TRY IT - The material below holds the lines to copy: from the one with "Motor Sport moto" up to and including the one with "of JACQUARD PATTERN". Copy them exactly and skip the pictures.

DATA SUPPLIED -
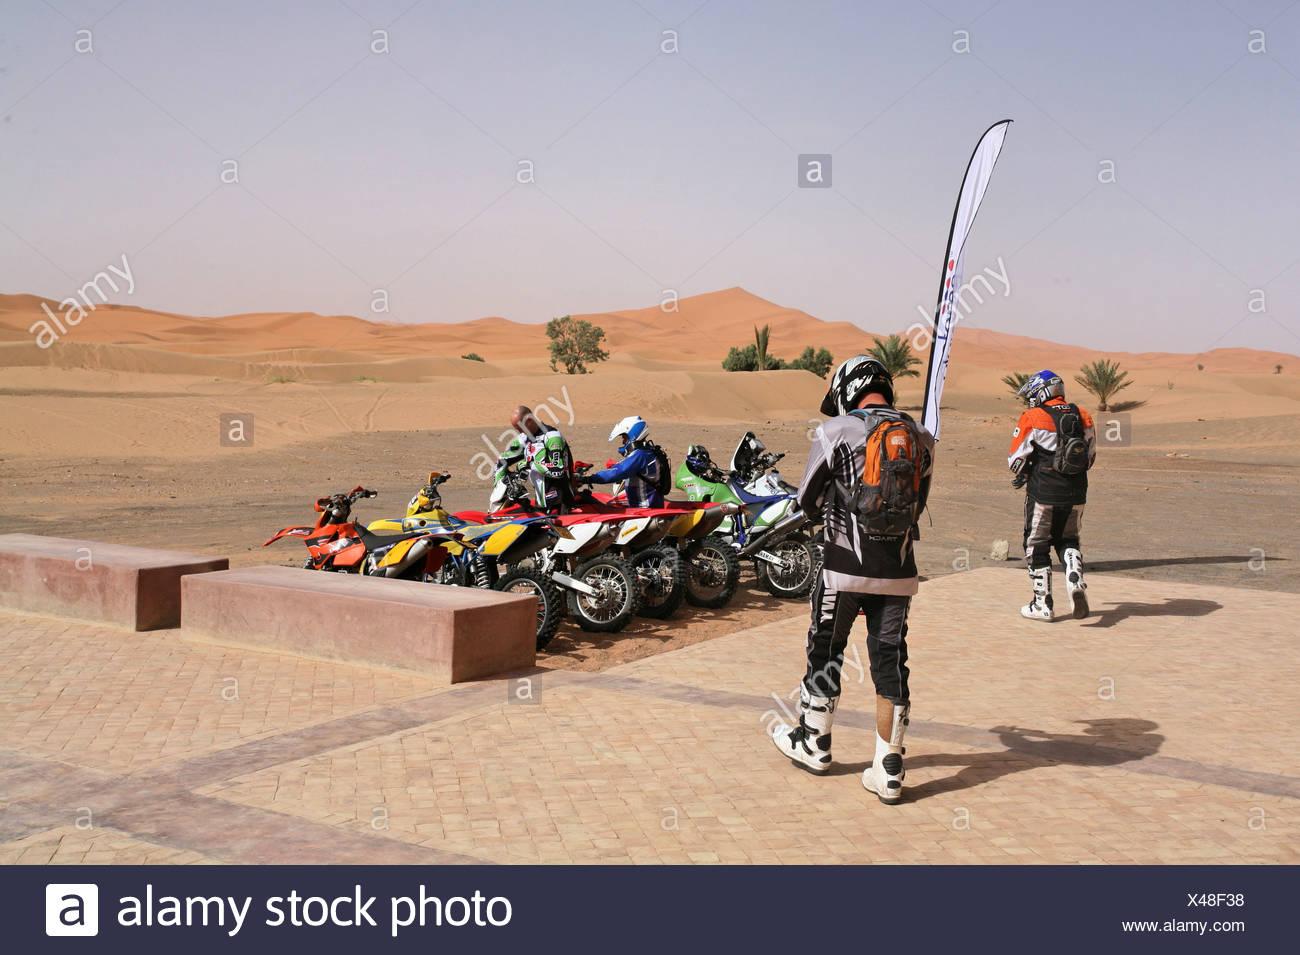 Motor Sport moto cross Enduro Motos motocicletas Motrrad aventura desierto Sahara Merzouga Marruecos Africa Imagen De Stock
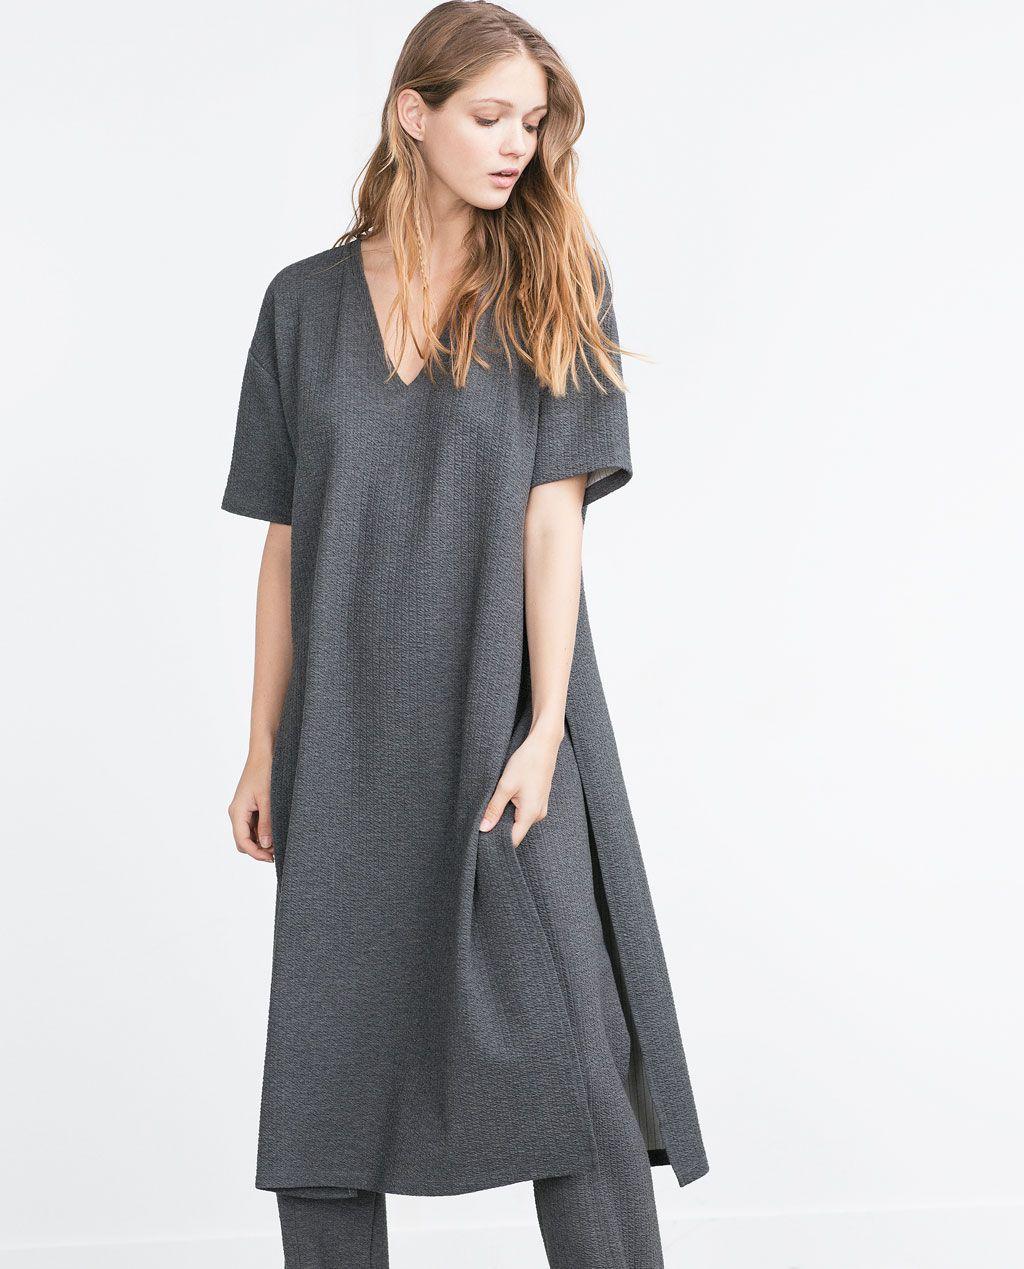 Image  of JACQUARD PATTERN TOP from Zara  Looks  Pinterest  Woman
==
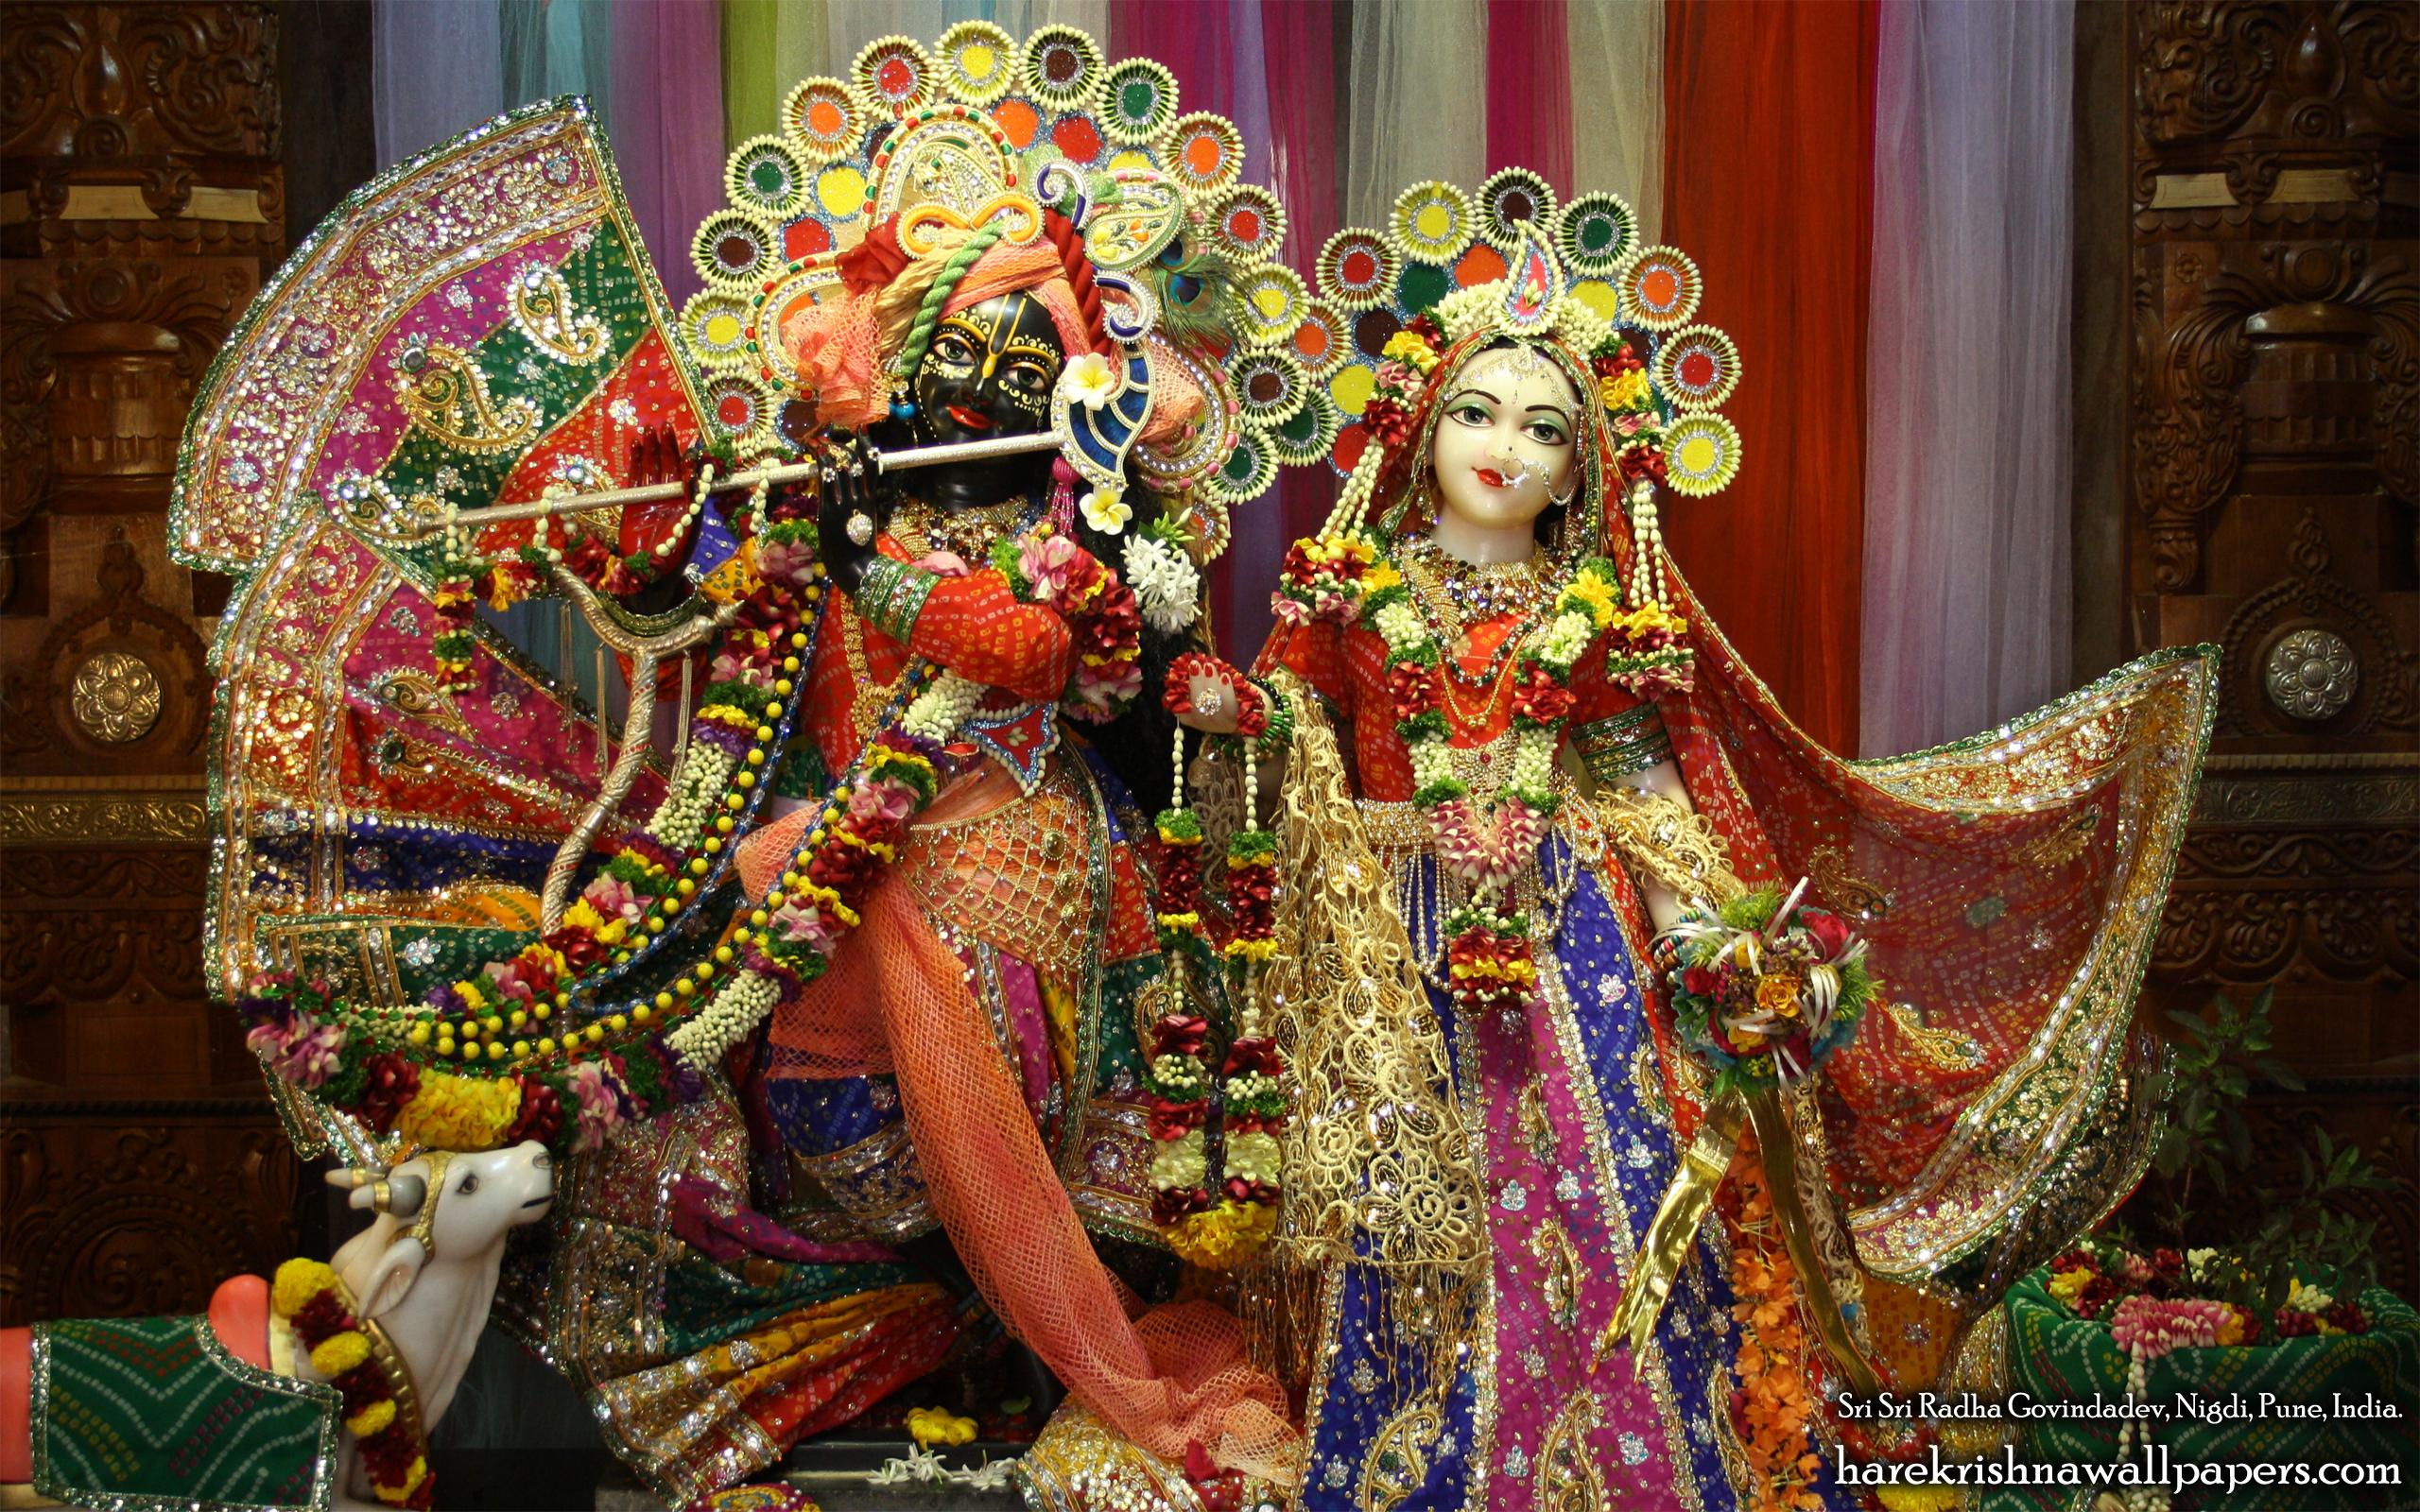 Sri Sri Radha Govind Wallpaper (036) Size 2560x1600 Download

RESPONSE TO THIS EXERCISE -
 Motor Sport moto cross Enduro Motos motocicletas Motrrad aventura desierto Sahara Merzouga Marruecos Africa Imagen De Stock
 Image  of JACQUARD PATTERN TOP from Zara  Looks  Pinterest  Woman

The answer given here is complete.